能生: 2008年3月アーカイブ

3月14日のホワイトデーに、能生のマリンドリームにあるマリンホールで公演された狂言「姫の聟取り」を観劇してきました。

狂言というとどうも堅苦しく感じてしまいがちですが(私もその一人です)、実際はそんなことなく楽しむことができました。
前のブログにも書きましたが出演の茂山家の方々は、誰でも気軽に楽しんでもらえる「お豆腐狂言」をモットーとしています。
そのためか、演目に入る前の前説でも丁寧に、そして楽しく狂言の楽しみ方を教えてくれました。

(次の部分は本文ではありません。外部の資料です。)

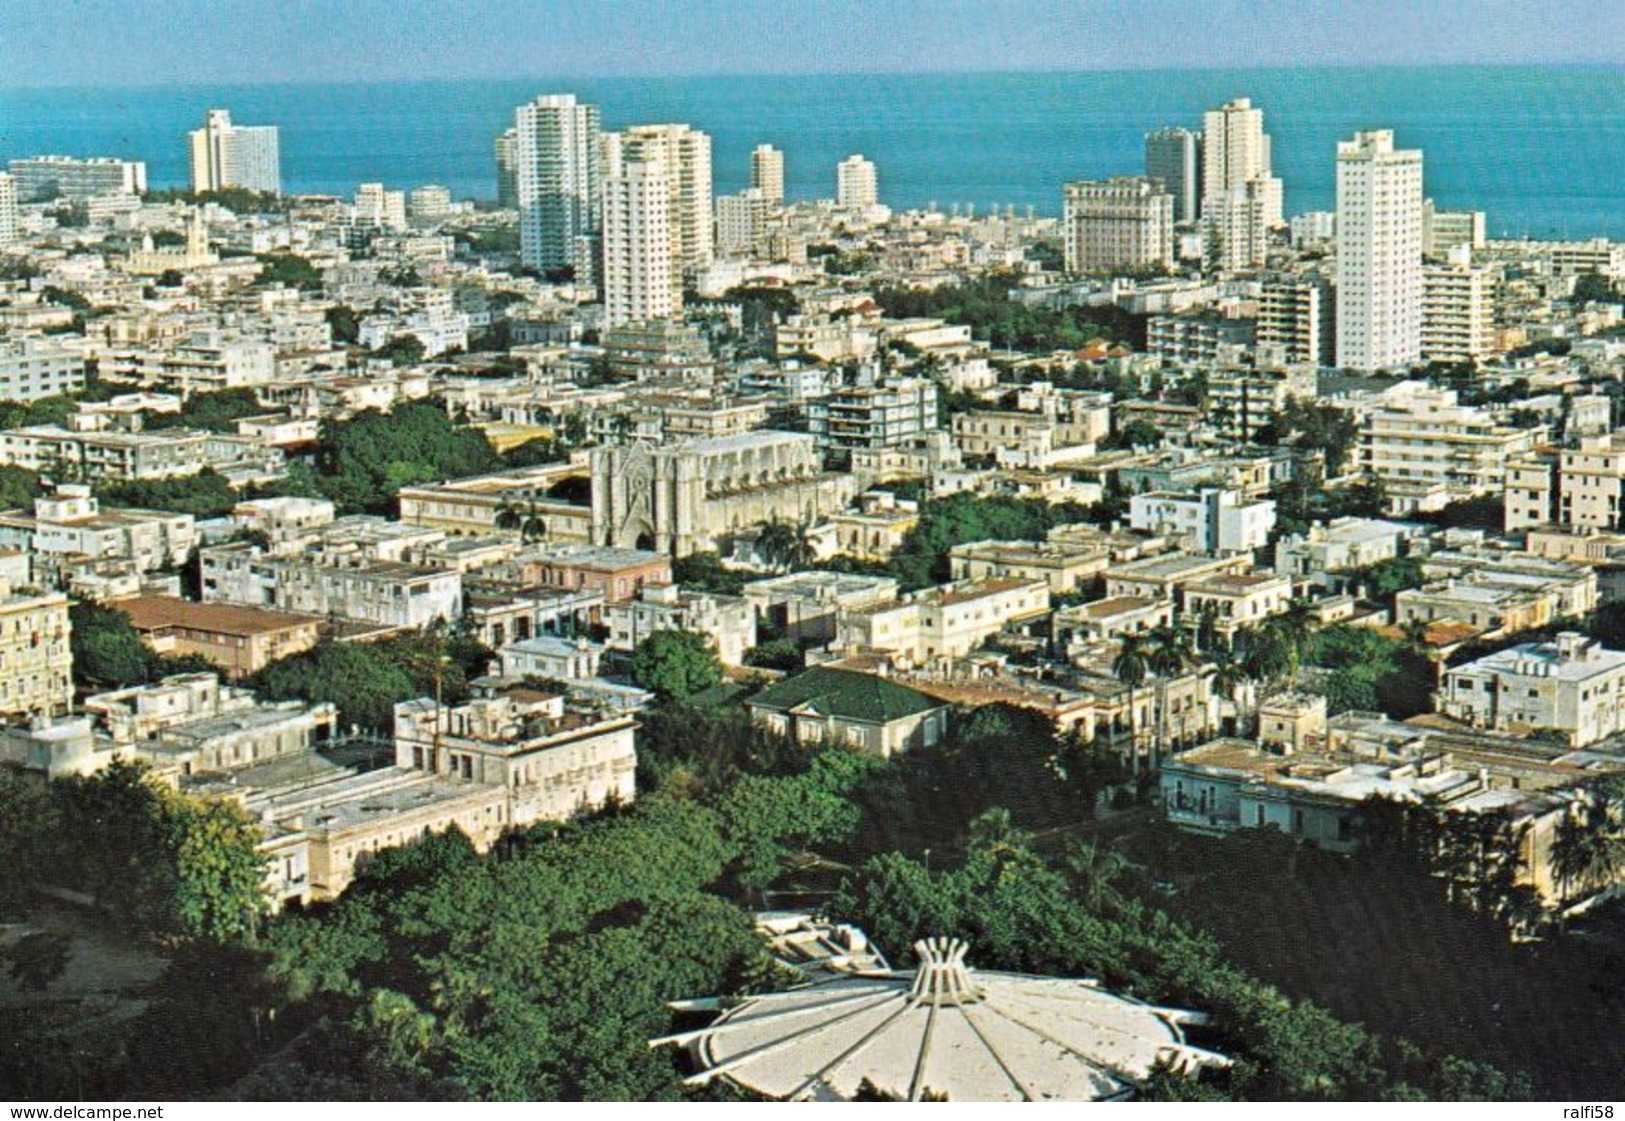 1 AK Kuba * Blick Auf Das Moderne Zentrum Der Hauptstadt Havanna - Luftbildaufnahme * - Cuba
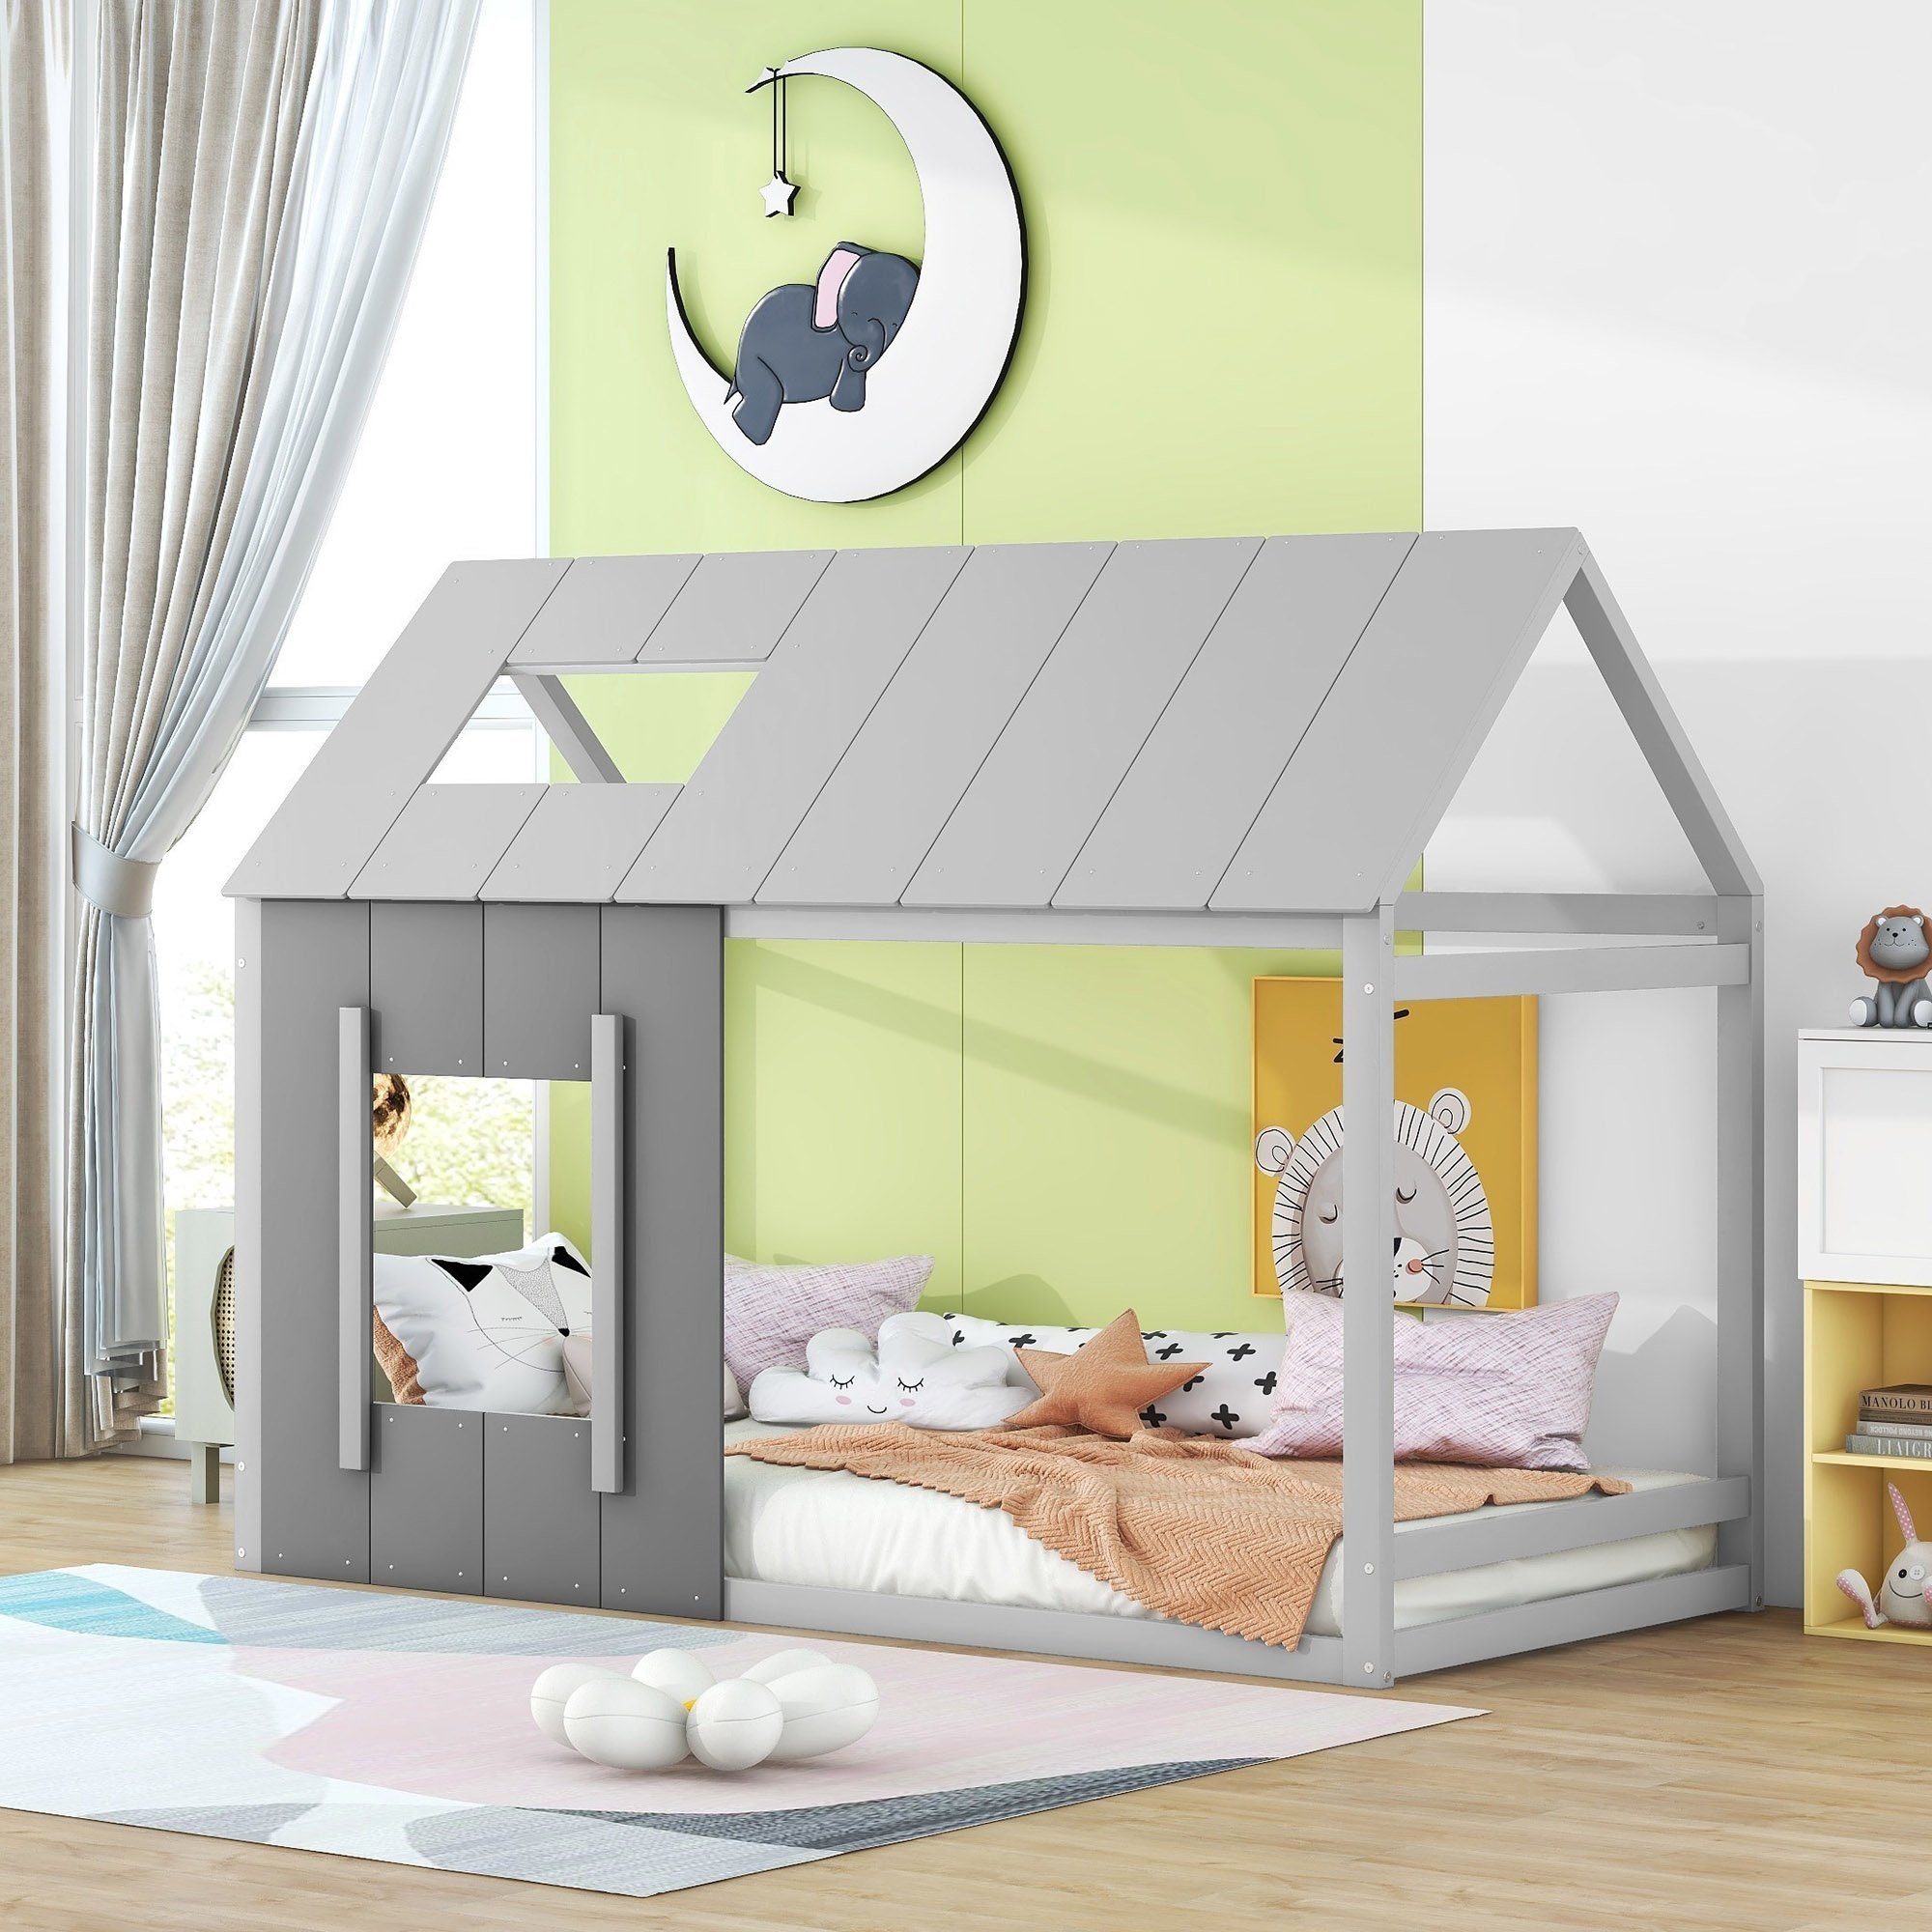 Flieks Kinderbett, Massivholz Einzelbett Hausbett mit Dach und Fenster 90x200cm grau

演目の「蝸牛」と「附子」も古くから伝わる古典狂言で、国語の授業で習った方も多いはず。
太郎冠者と二郎冠者のとぼけたやりとりに、会場から大きな笑い声が上がっていました。

また、新作のオリジナル狂言「姫の聟取り」はこの地にちなんだ「奴奈川姫の伝説」をモチーフにした狂言で、こちらも地元の人には慣れ親しんだお話をコミカルに描いています。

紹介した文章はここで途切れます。